Abstract

The gene encoding DM20 emerged in cartilaginous fish, descending from a bilaterian ancestor of the M6 proteolipid gene family. Its proteolipid protein (PLP) isoform appeared in amphibians, contains an additional 35 amino acids, and, in the mammalian CNS, is the dominant myelin protein in which it confers an essential neuroprotective function. During development, the DM20 isoform is prominent in a number of tissues, and plp/DM20 transcripts are detected in multiple progenitor populations, including those that continue to express plp/DM20 as they differentiate into myelinating oligodendrocytes. The locus also encodes isoforms with extended leader sequences that accumulate in the cell bodies of several types of neurons.
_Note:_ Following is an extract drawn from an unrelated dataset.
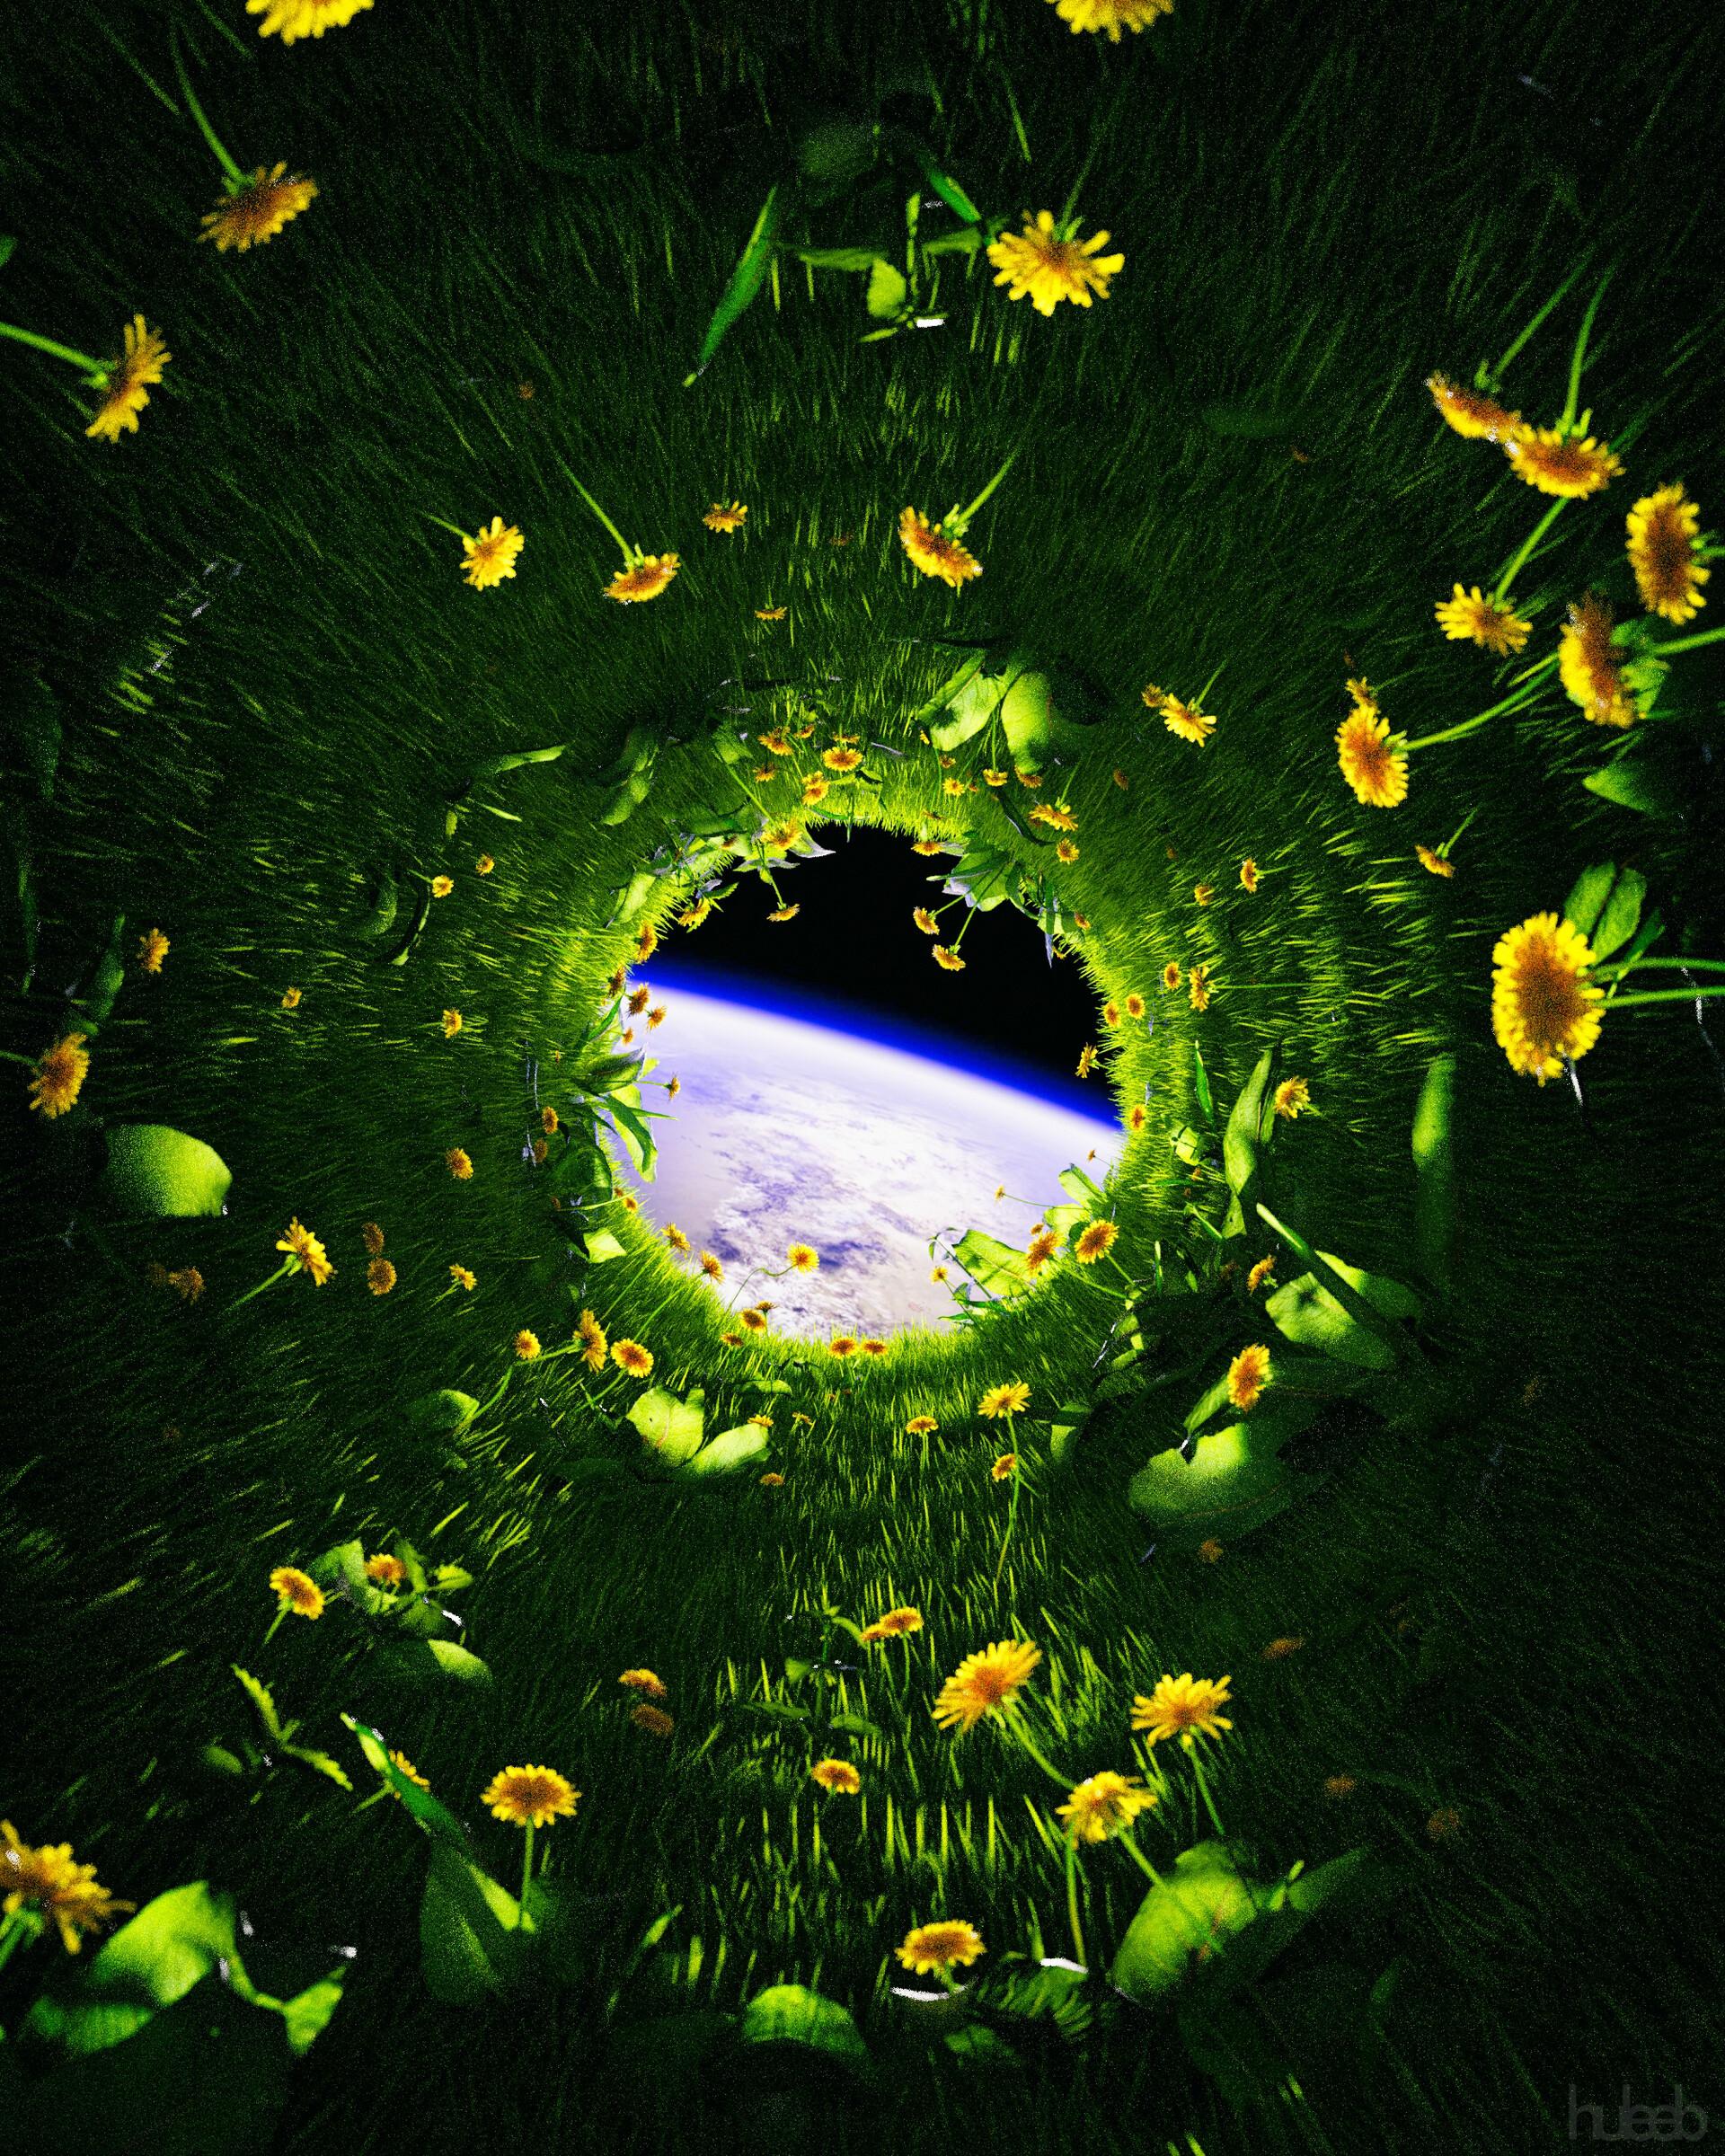 135207 скачать обои Одуванчики, Цветы, Трава, Космос, Разное, Земля - заставки и картинки бесплатно

Here, to locate and characterize regulatory sequences controlling the complex plp/DM20 transcription program, putative regulatory sequences, suggested by interspecies conservation, were ligated individually to a minimally promoted eGFPlacZ reporter gene. These constructs were inserted in single copy at a common site adjacent to the hypoxanthine-guanine phosphoribosyltransferase locus in embryonic stem cells and their in vivo expression programs were compared in transgenic mice. Most expressed developmental and cell-specific subprograms accommodated within the known expression phenotype of the endogenous plp/DM20 locus, thus defining multiple components of the combinatorial mechanism controlling its normal temporal and cell-specific program. Along with previously characterized nervous system enhancers, those described here should help expose the content and configuration of elements that are operational in multiple glial and neuronal lineages. The transgenic lines derived here also provide effective markers for multiple stages of glial and neuronal lineage progression.